Мои наблюдения прервал раздавшийся за спиной шорох. Оглянувшись, я увидел по­литрука и комбата, подползавших к моему окопу. Я доложил обстановку, а потом с со­гласия комбата отправил связного передать лейтенанту Евстигнееву, чтобы он открыл огонь из пулеметов по моему сигналу, который будет дан трассирующими пулями в на­правлении наступающих фашистов. Связной не смог выполнить приказ: на полпути он был убит. К счастью, Евстигнеев был опытный и выдержанный командир, прошед­ший финскую войну. Сориентировавшись по обстановке, он открыл огонь в самый нужный момент. Одновременно заработала сорокопятка Васильца. Она стреляла ос­колочными снарядами. Впечатление было такое, что стреляют через наши головы. Кое-кто из красноармейцев запаниковал. Одни кричали, что нас окружили; другие по­думали, что наши ошиблись и бьют по своим. Раздавались панические крики, чтобы прекратили обстрел. Вскоре бойцы убедились, что снаряды рвутся в рядах наступаю­щих и постепенно успокоились.

А немцы упорно продолжали идти вперед, хотя и несли потери. Расстояние между нами и противником сокращалось с каждой минутой. Слабый огонь двух десятков на­ших трехлинеек, видимо, не производил на немцев никакого впечатления. Еще немно­го, — и они нас опрокинут. Остановить их можно было только дерзкой контратакой. Мы с политруком приняли немедленное решение, хотя никто из нас до этого в контра­таку не ходил. Вооружившись винтовками моих связных и двумя ручными гранатами, мы с политруком вылезли из окопа с криком «За Родину! За Сталина! Вперед!» Сделав несколько шагов, я оглянулся и увидел, что, кроме нас двоих, в контратаку поднялось 4-5 человек, не больше. Остальные продолжали сидеть в своих окопах. Мы упали на землю и стал отползать назад. Я понял, что контратака была мною не подготовлена. Неопытные, практически необстрелянные красноармейцы растерялись, а многие про­сто боялись вылезать из окопов. Мы с политруком передали по цели команду контрата­ковать по нашему сигналу. Но и вторая попытка оказалась неудачной, хотя на этот раз поднялось полтора десятка красноармейцев. Пришлось залечь вторично.

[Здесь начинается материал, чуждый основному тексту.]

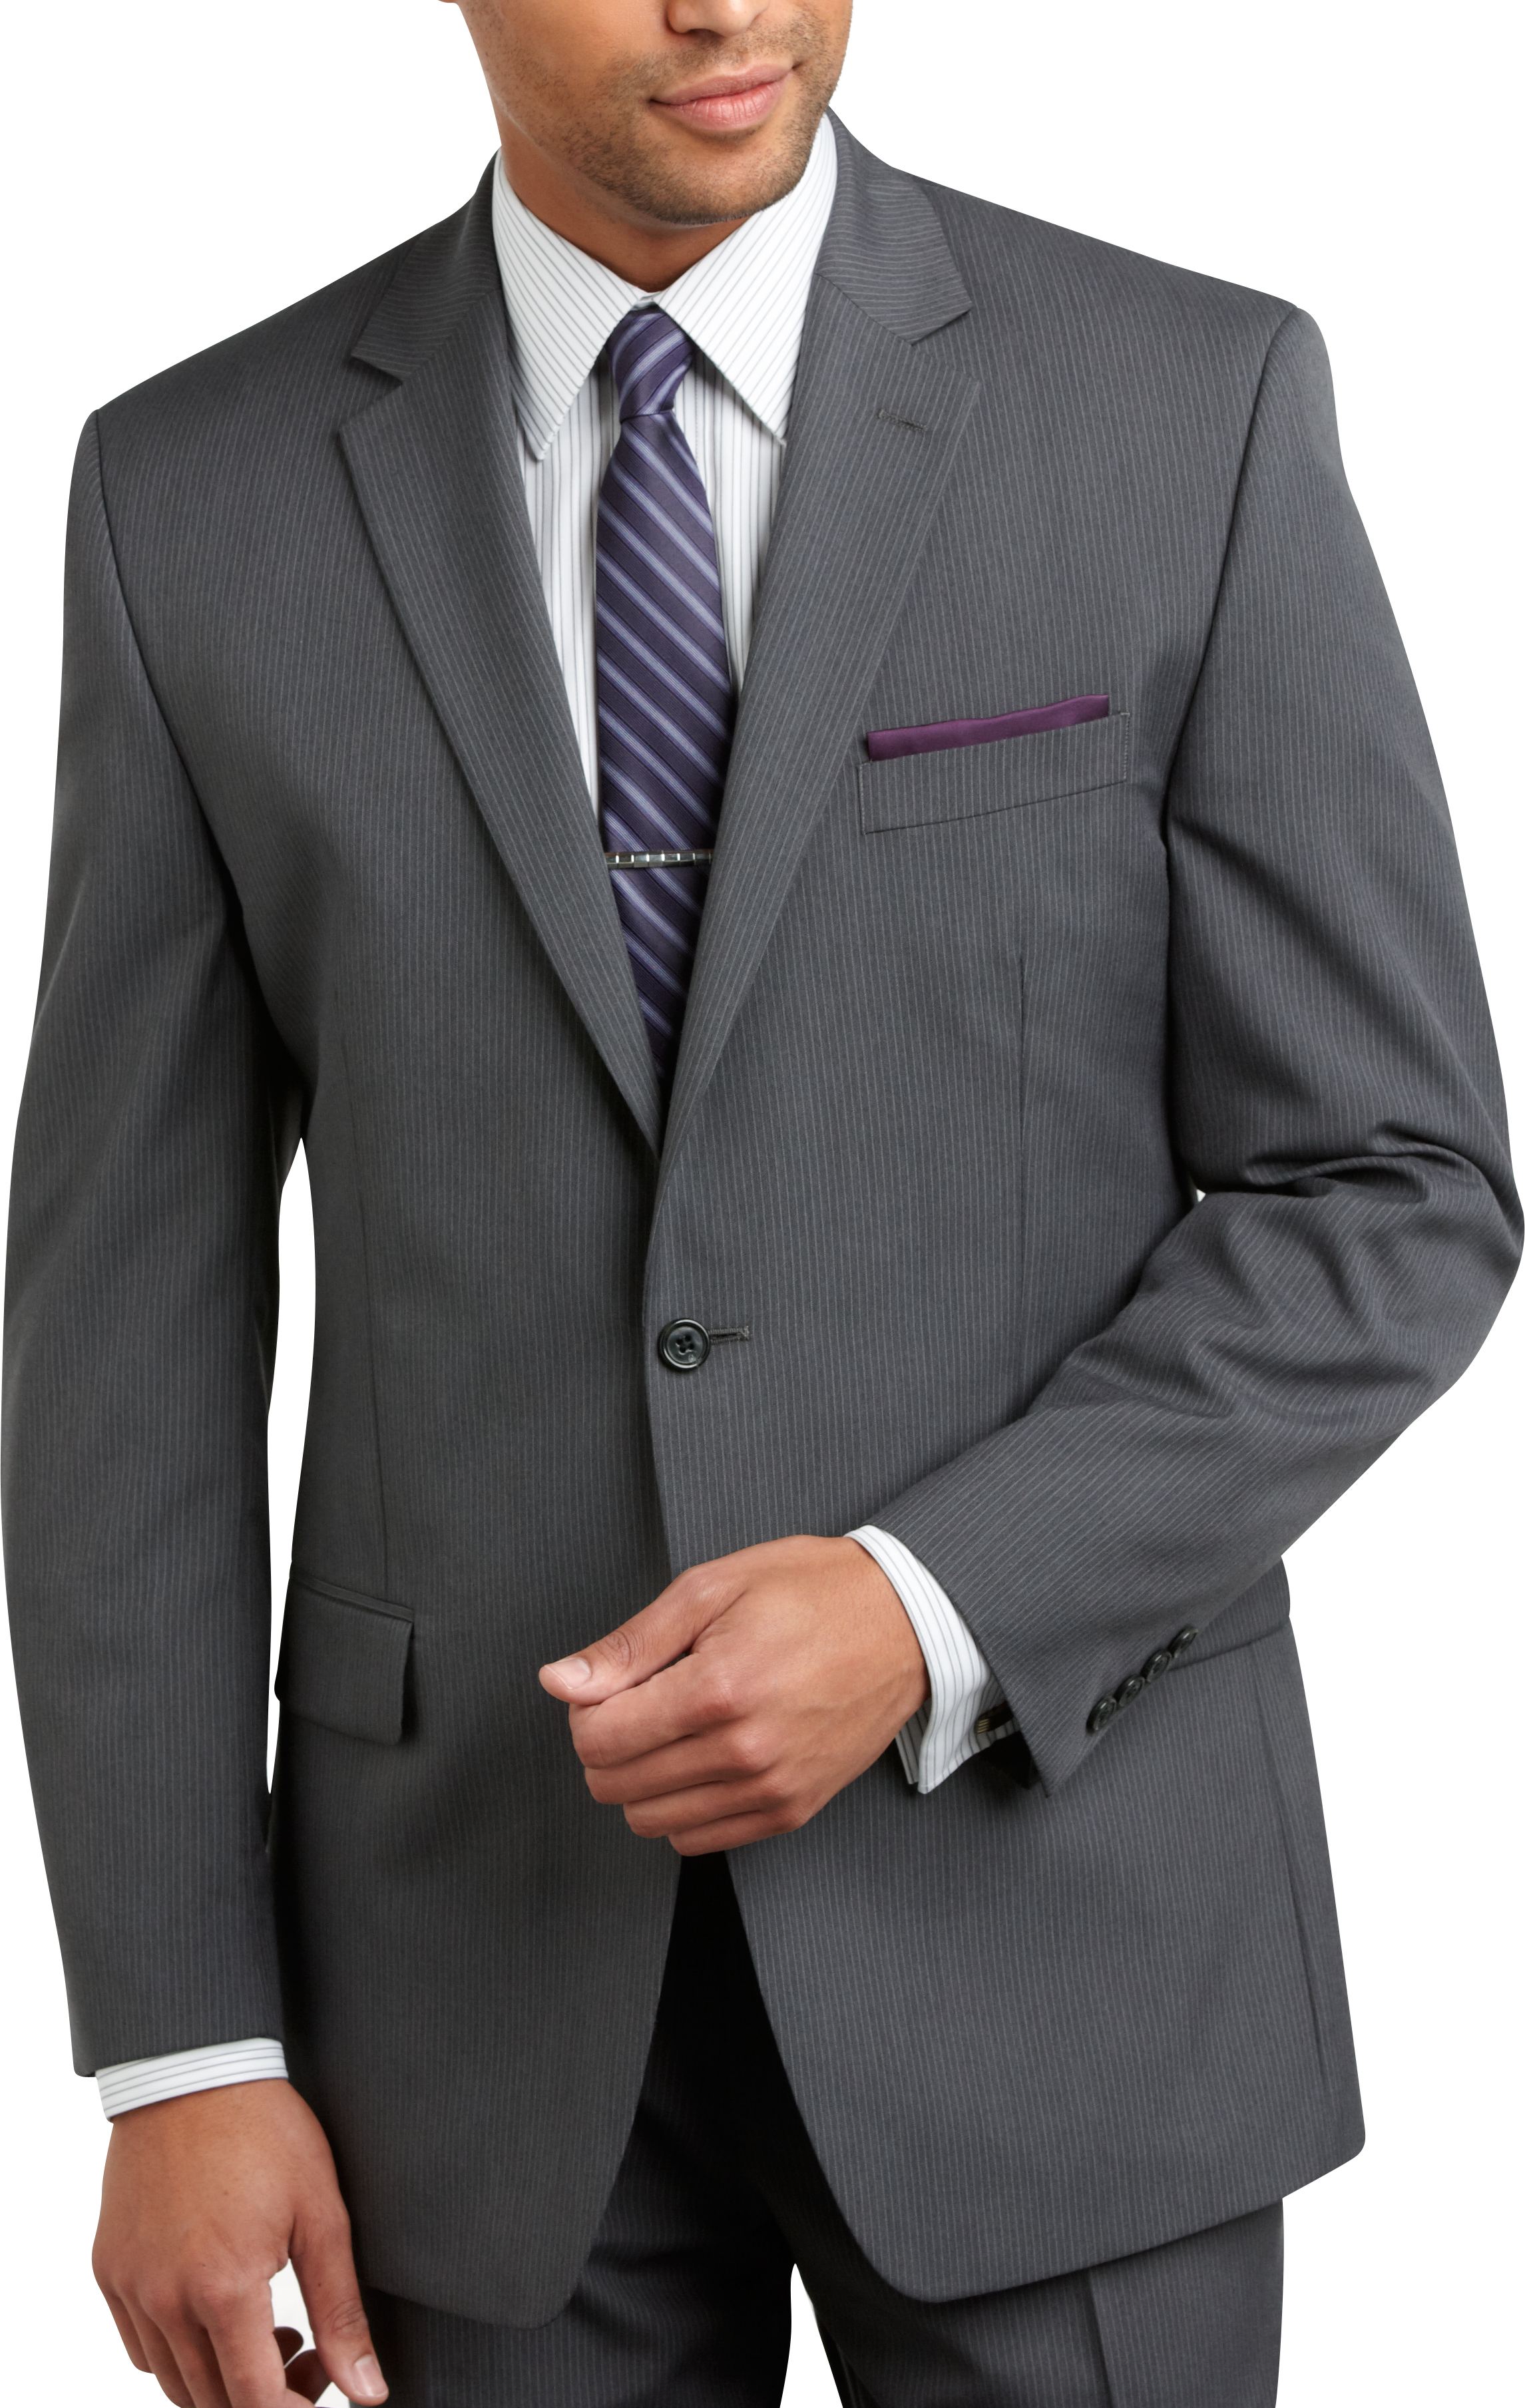 michael kors gray suit

Тогда я вспомнил весь запас ненормативной лексики и обрушил его на своих оро­бевших бойцов. Поднялся в третий раз и с криками о Родине, о Сталине и о такой-то матери не очень уверенно побежал навстречу приближавшейся цепочке немцев. И чудо свершилось. За спиной я услышал нестройные крики моих подчиненных, слившиеся вскоре в один, все нараставший возглас: «Ур-р-р-а-а-а!..». Это придало мне бодрости. Фашисты явно не жалели патронов, но их огонь, к счастью, не был прицельным; он больше действовал на психику. Расстояние между нами сокращалось с каждой се­кундой. И вот мы сшиблись с первой шеренгой и схватились врукопашную. Ничего нельзя было разобрать. В глазах мелькали только серо-зеленые немецкие мундиры, в которые мы стреляли и кололи штыками. Некоторым из наших безоружных (если не считать гранат, бутылок с горючей смесью и ножей) красноармейцев удавалось от­нять или поднять брошенные немецкие автоматы. Не умея поначалу пользоваться ими, красноармейцы использовали автоматы как палки и били ими по каскам, по лицам, ку­да попало…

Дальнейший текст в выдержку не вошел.